Exercise instructions |
Without any pictures, print exactly the lines that run from the start of the data through the line containing "Former Vice President".

Material provided |
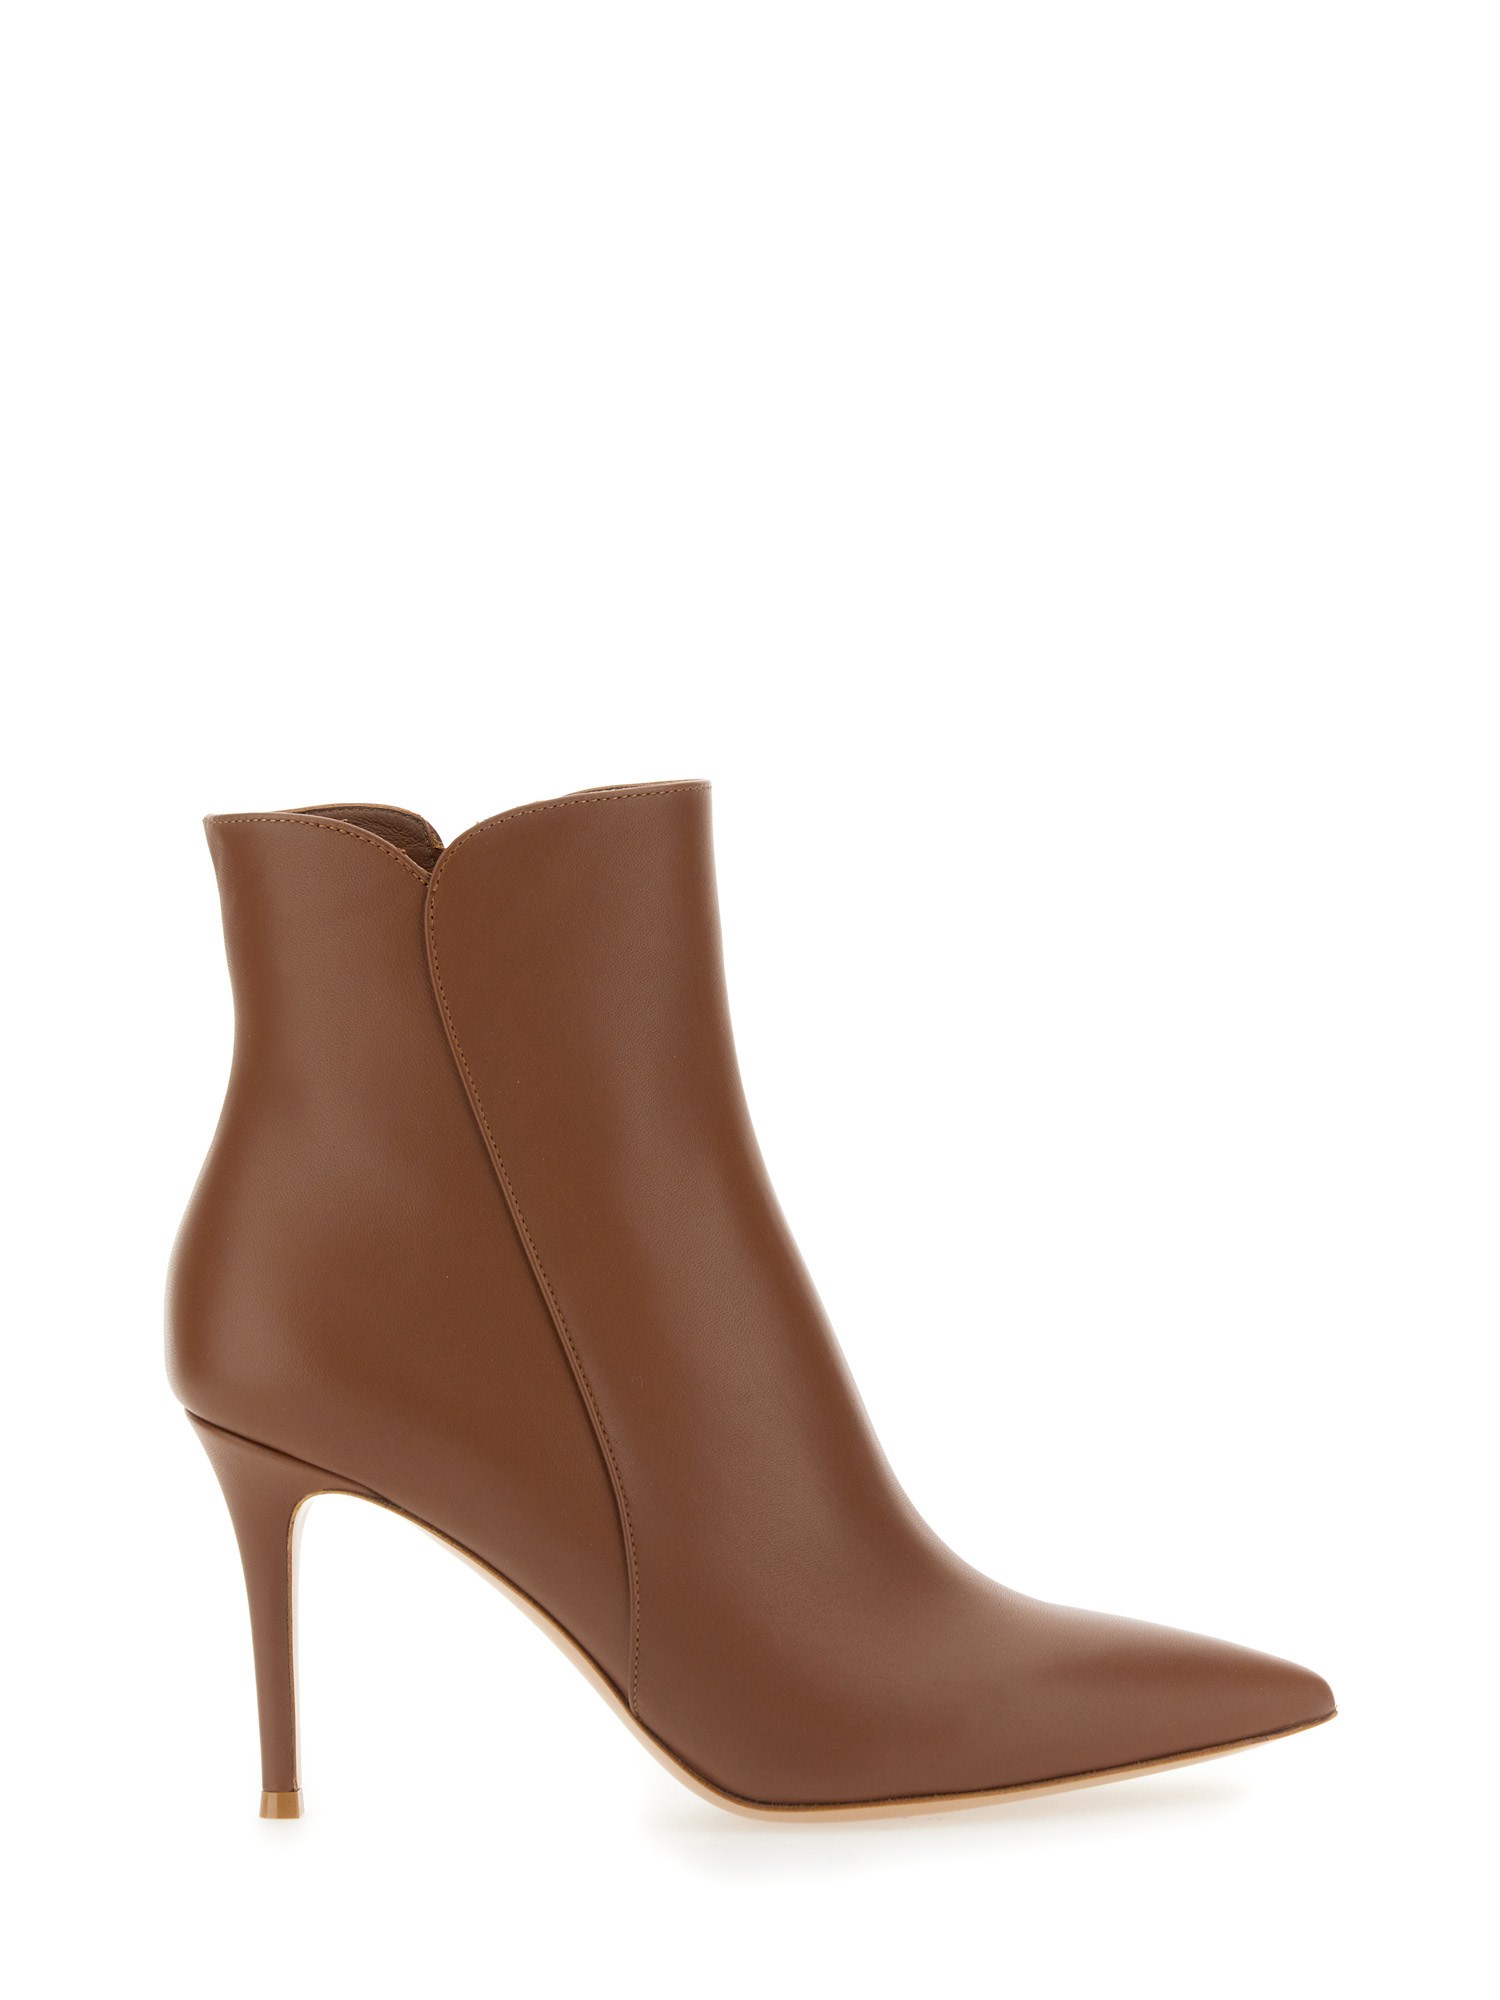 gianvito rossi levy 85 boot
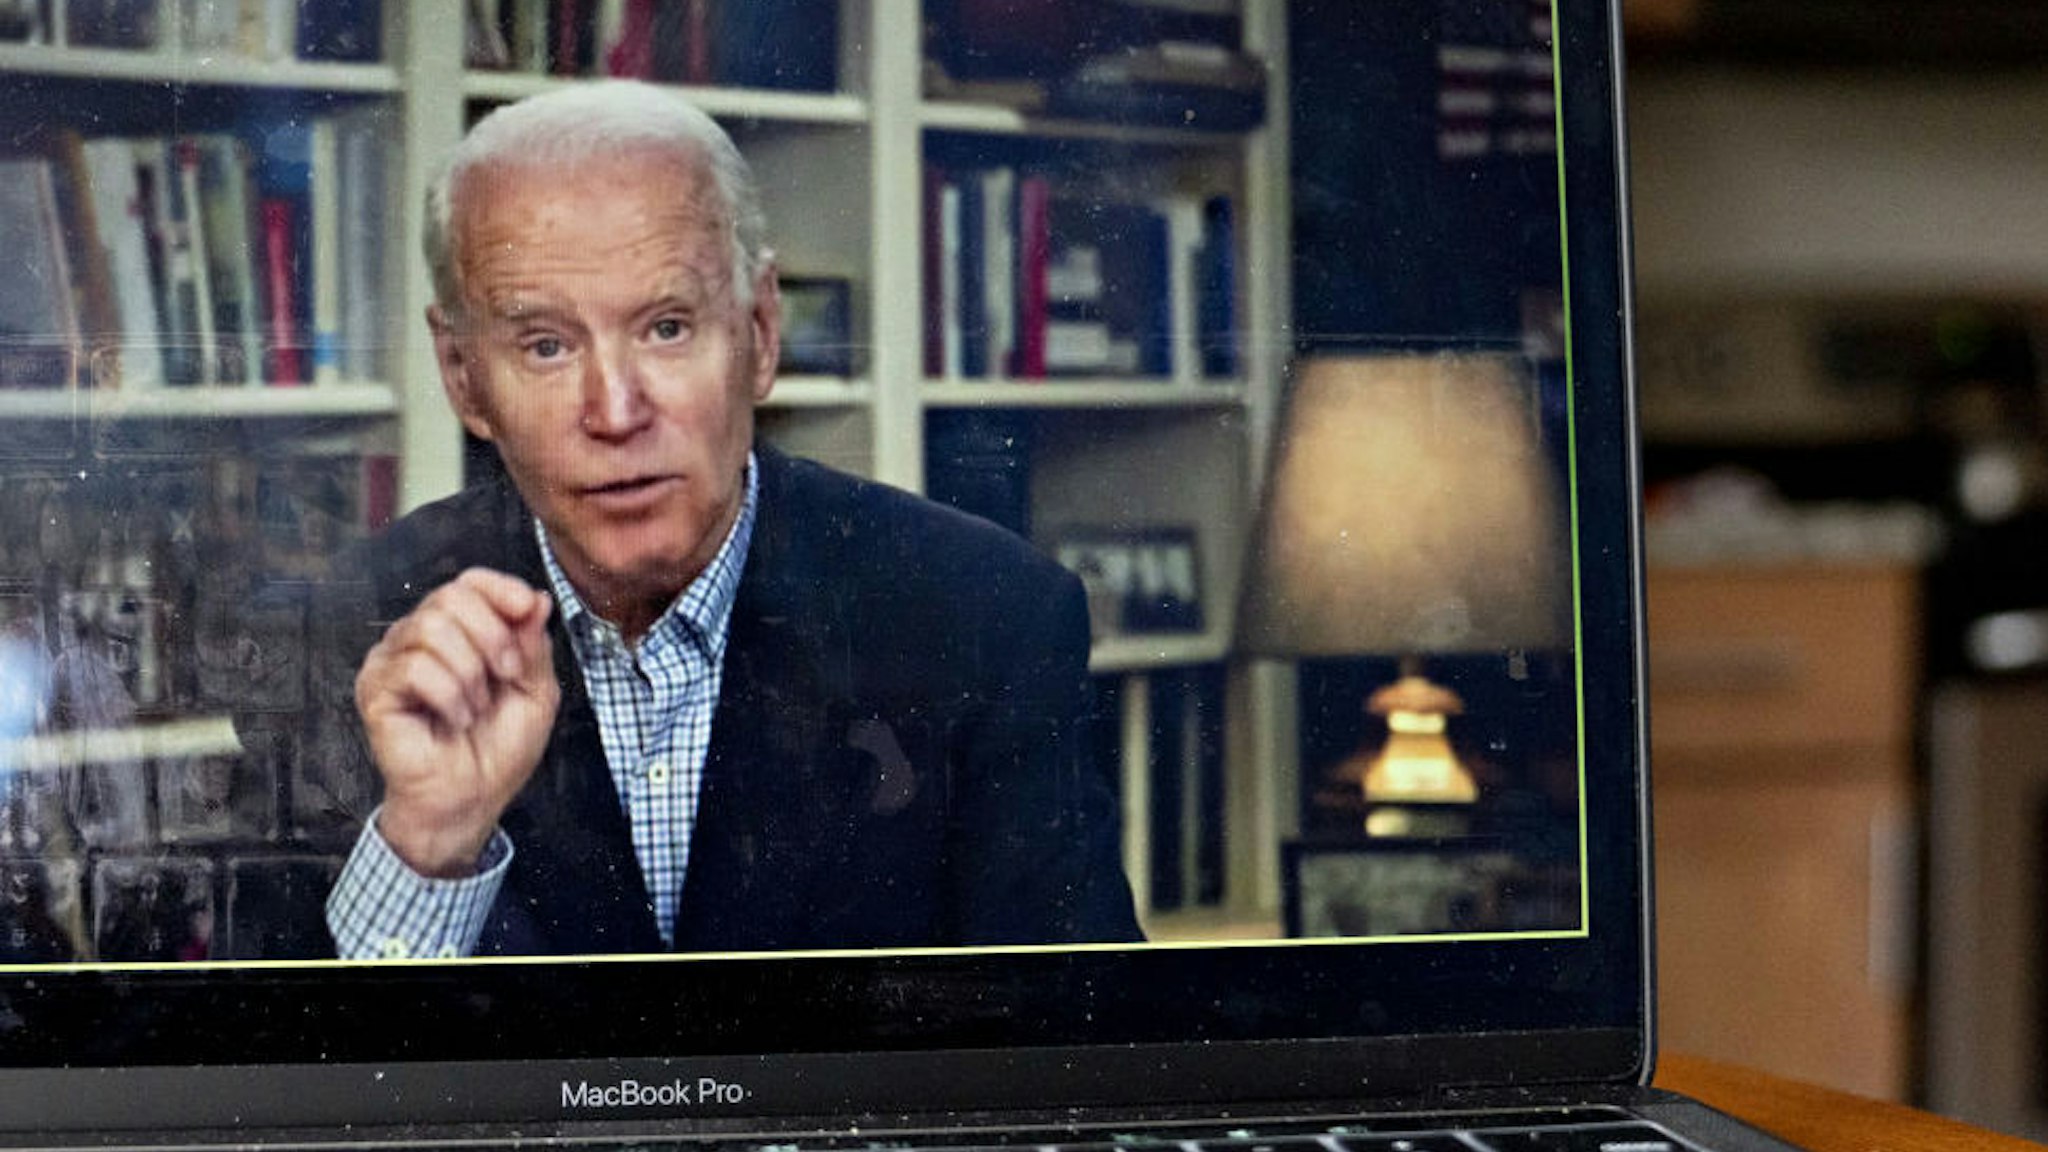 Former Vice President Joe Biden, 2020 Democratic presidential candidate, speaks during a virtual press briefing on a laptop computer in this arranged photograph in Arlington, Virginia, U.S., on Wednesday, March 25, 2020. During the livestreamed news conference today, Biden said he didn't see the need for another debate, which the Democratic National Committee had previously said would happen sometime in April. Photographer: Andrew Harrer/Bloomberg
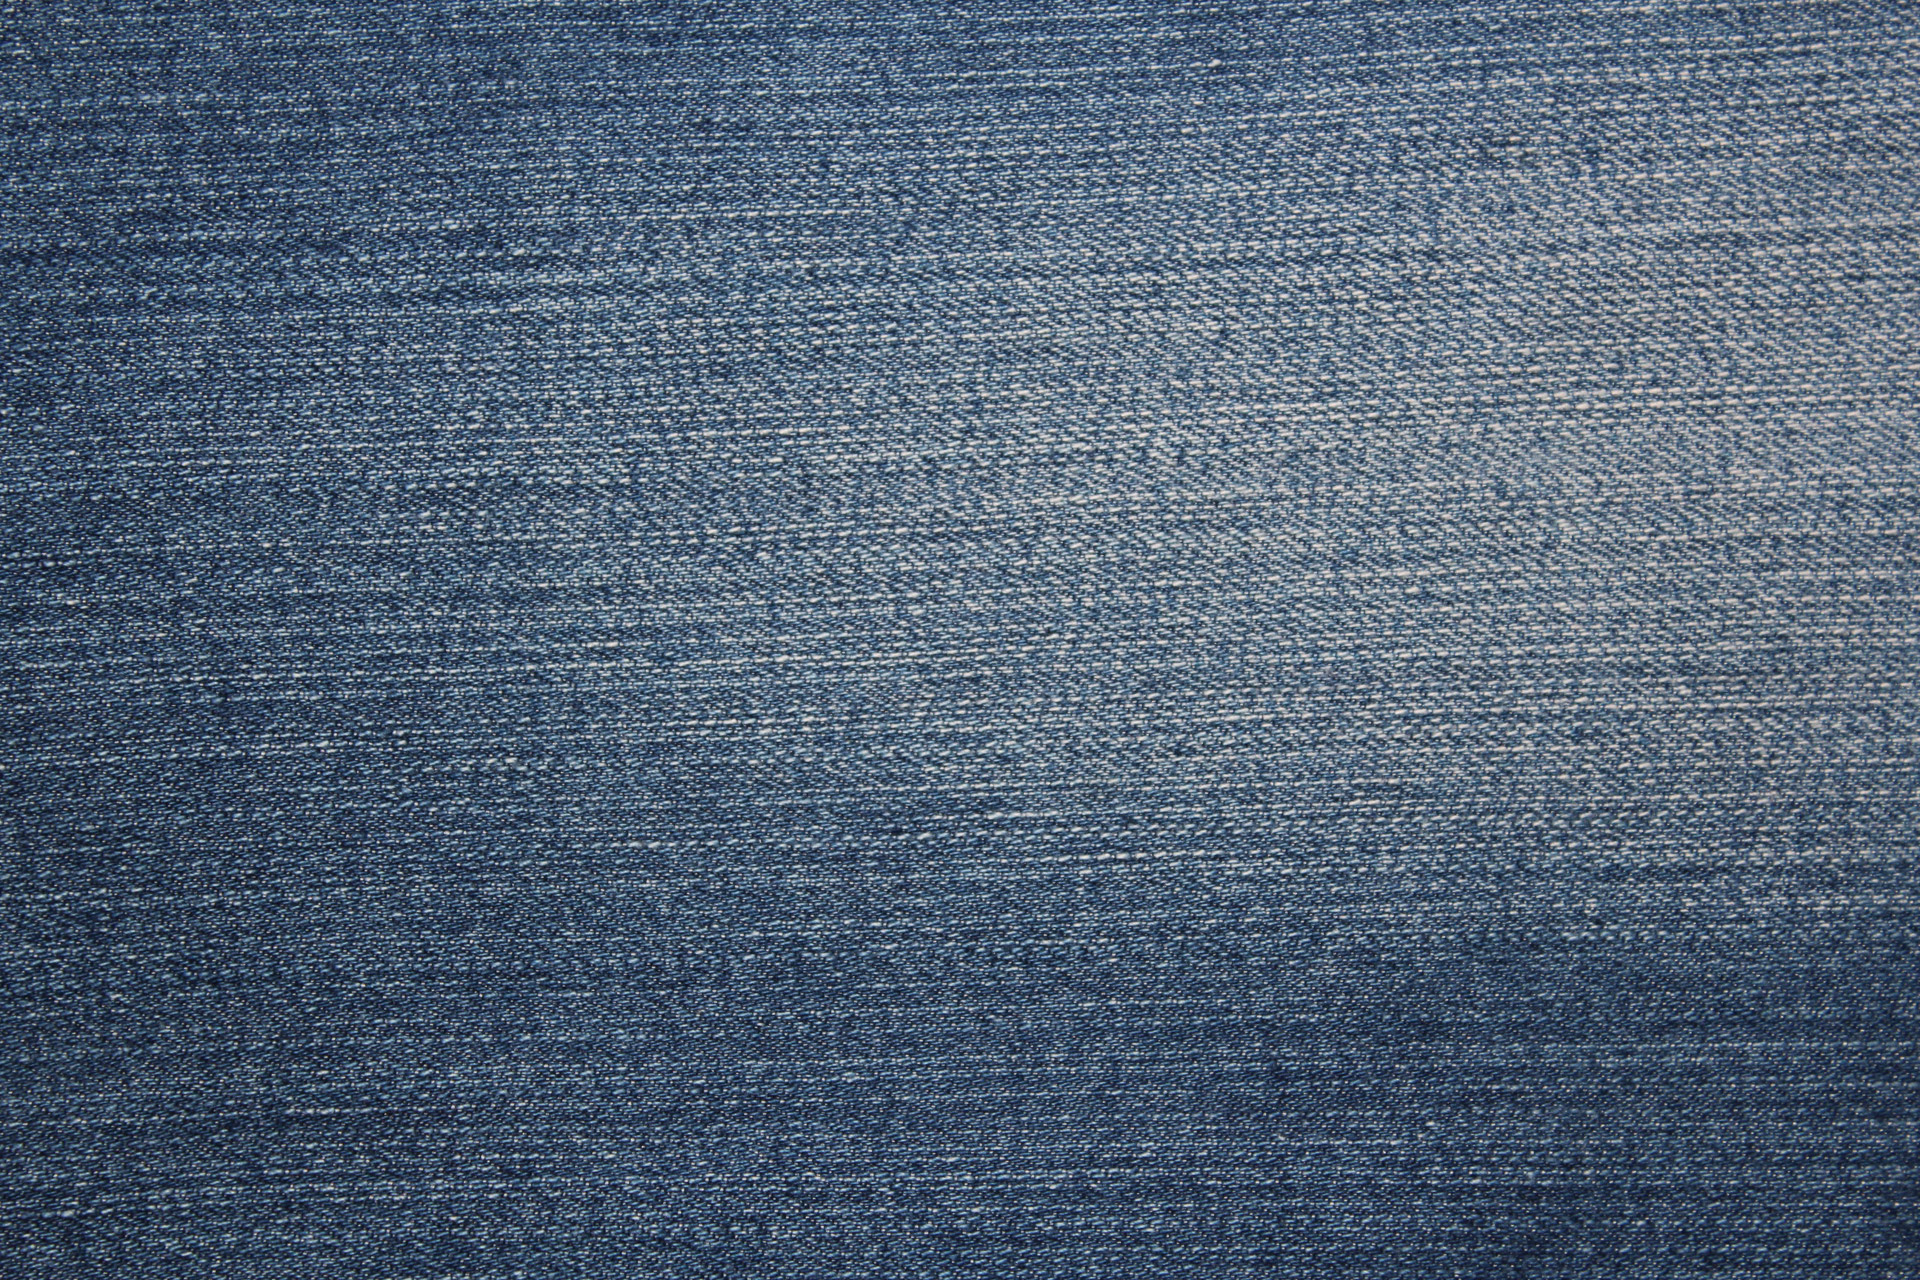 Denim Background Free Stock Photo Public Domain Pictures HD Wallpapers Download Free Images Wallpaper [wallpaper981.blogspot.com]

Reply to the task |
 gianvito rossi levy 85 boot
 Former Vice President Joe Biden, 2020 Democratic presidential candidate, speaks during a virtual press briefing on a laptop computer in this arranged photograph in Arlington, Virginia, U.S., on Wednesday, March 25, 2020. During the livestreamed news conference today, Biden said he didn't see the need for another debate, which the Democratic National Committee had previously said would happen sometime in April. Photographer: Andrew Harrer/Bloomberg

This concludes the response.